Comparisons which produce 32-bit boolean results (0 or 0xFFFFFFFF)
but operate on 16-bit types would first generate a CMP instruction
with W or HF types, before expanding it out. This CMP is a partial
write, which leads us to think the register may contain some prior
contents still.
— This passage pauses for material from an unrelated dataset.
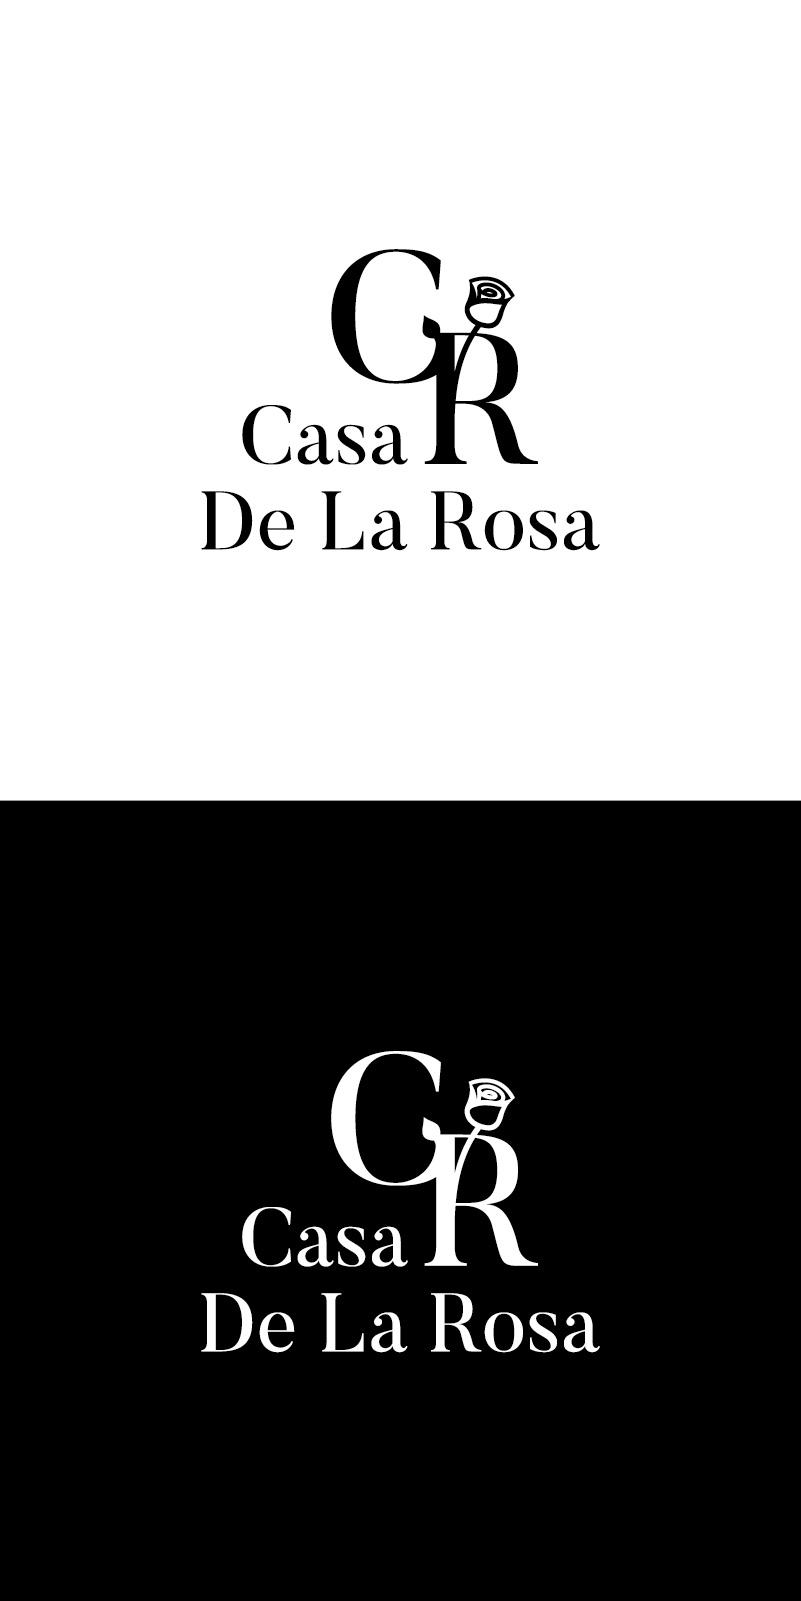 Логотип + Фирменный знак для элитного поселка Casa De La Rosa фото f_2475cd45154d7b63.jpg
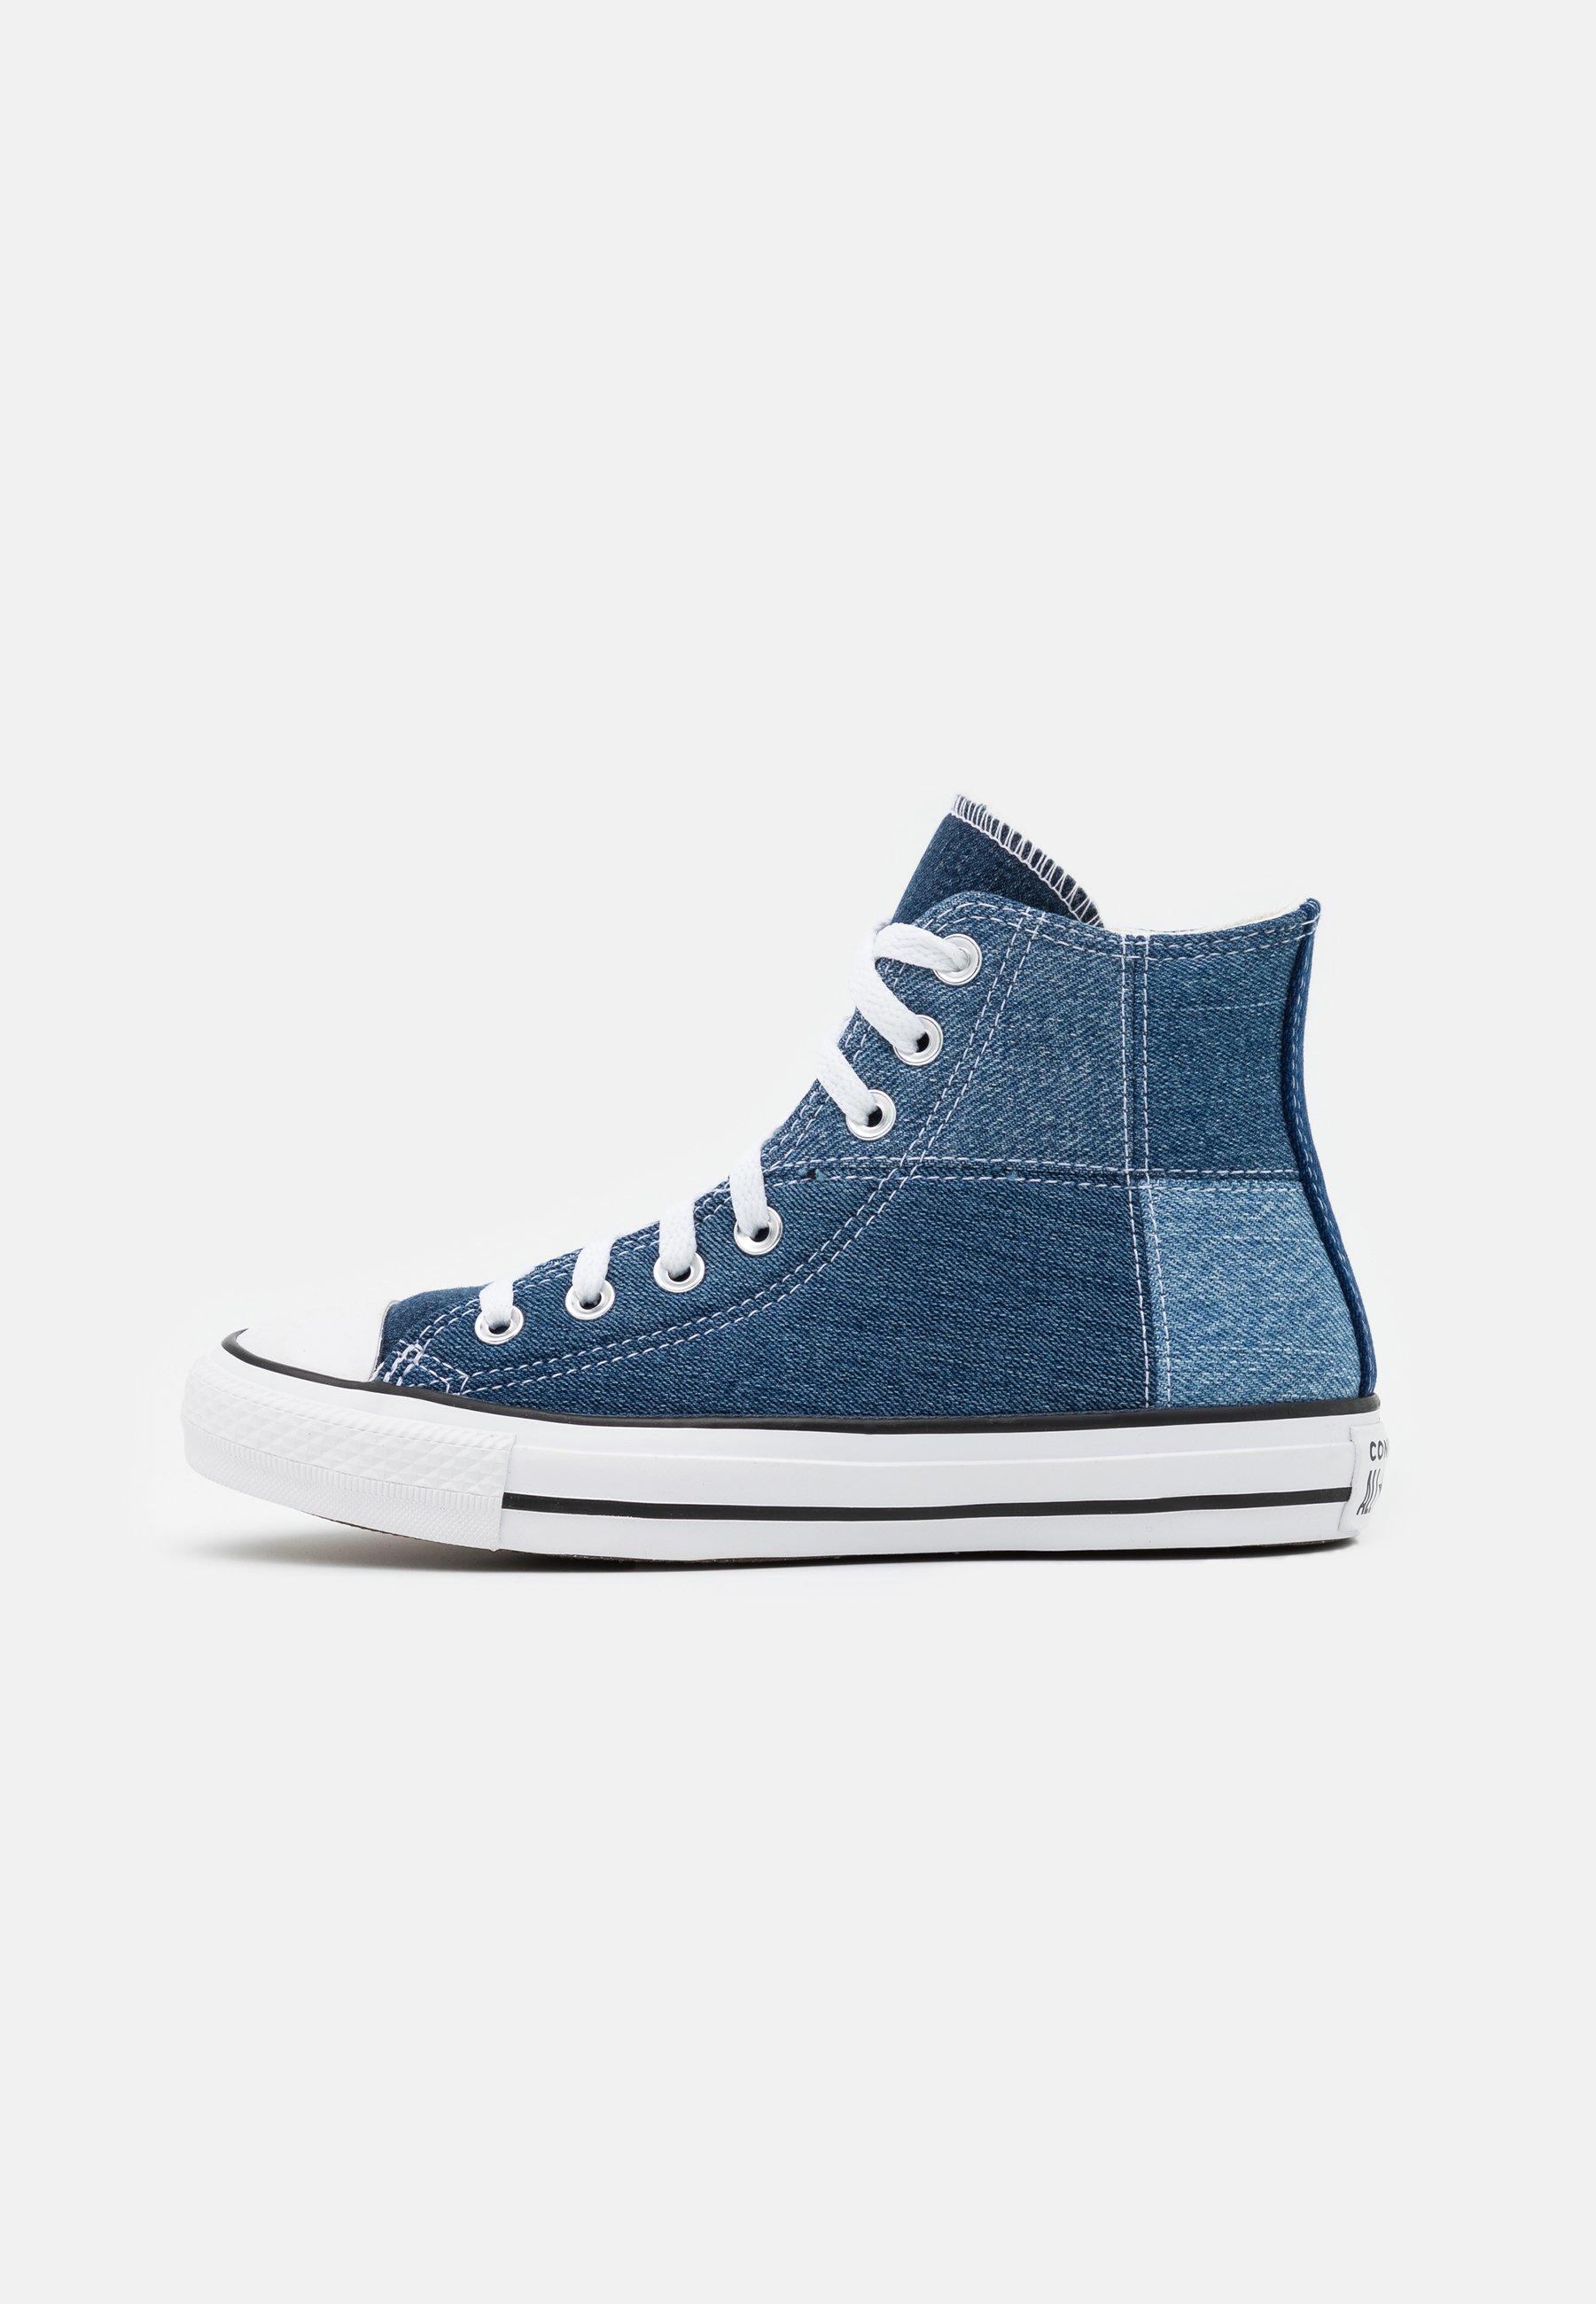 converse bleu clair

When placed in a loop, this causes its live range
to extend beyond its real life time.
Mark the register with UNDEF first so that we know that no prior
contents exist and need to be preserved.
This affects:
flt32, fge32, feq32, fneu32, ilt32, ult32, ige32, uge32, ieq32, ine32
On one of Cyberpunk 2077's most complex compute shaders, this reduces
the maximum live registers from 696 to 537 (22.8%). Together with the
next patch, Cyberpunk's spills and fills are cut by 10.23% and 9.19%,
respectively.
Reviewed-by: Lionel Landwerlin <lionel.g.landwerlin@intel.com>
Reviewed-by: Francisco Jerez <currojerez@riseup.net>
Part-of: <https://gitlab.freedesktop.org/mesa/mesa/-/merge_requests/22835>
fs_reg dest = result;
const uint32_t bit_size = nir_src_bit_size(instr->src[0].src);
- if (bit_size != 32)
+ if (bit_size != 32) {
dest = bld.vgrf(op[0].type, 1);
+ bld.UNDEF(dest);
+ }
bld.CMP(dest, op[0], op[1], brw_cmod_for_nir_comparison(instr->op));
fs_reg dest = result;
const uint32_t bit_size = type_sz(op[0].type) * 8;
- if (bit_size != 32)
+ if (bit_size != 32) {
dest = bld.vgrf(op[0].type, 1);
+ bld.UNDEF(dest);
+ }
bld.CMP(dest, op[0], op[1],
brw_cmod_for_nir_comparison(instr->op));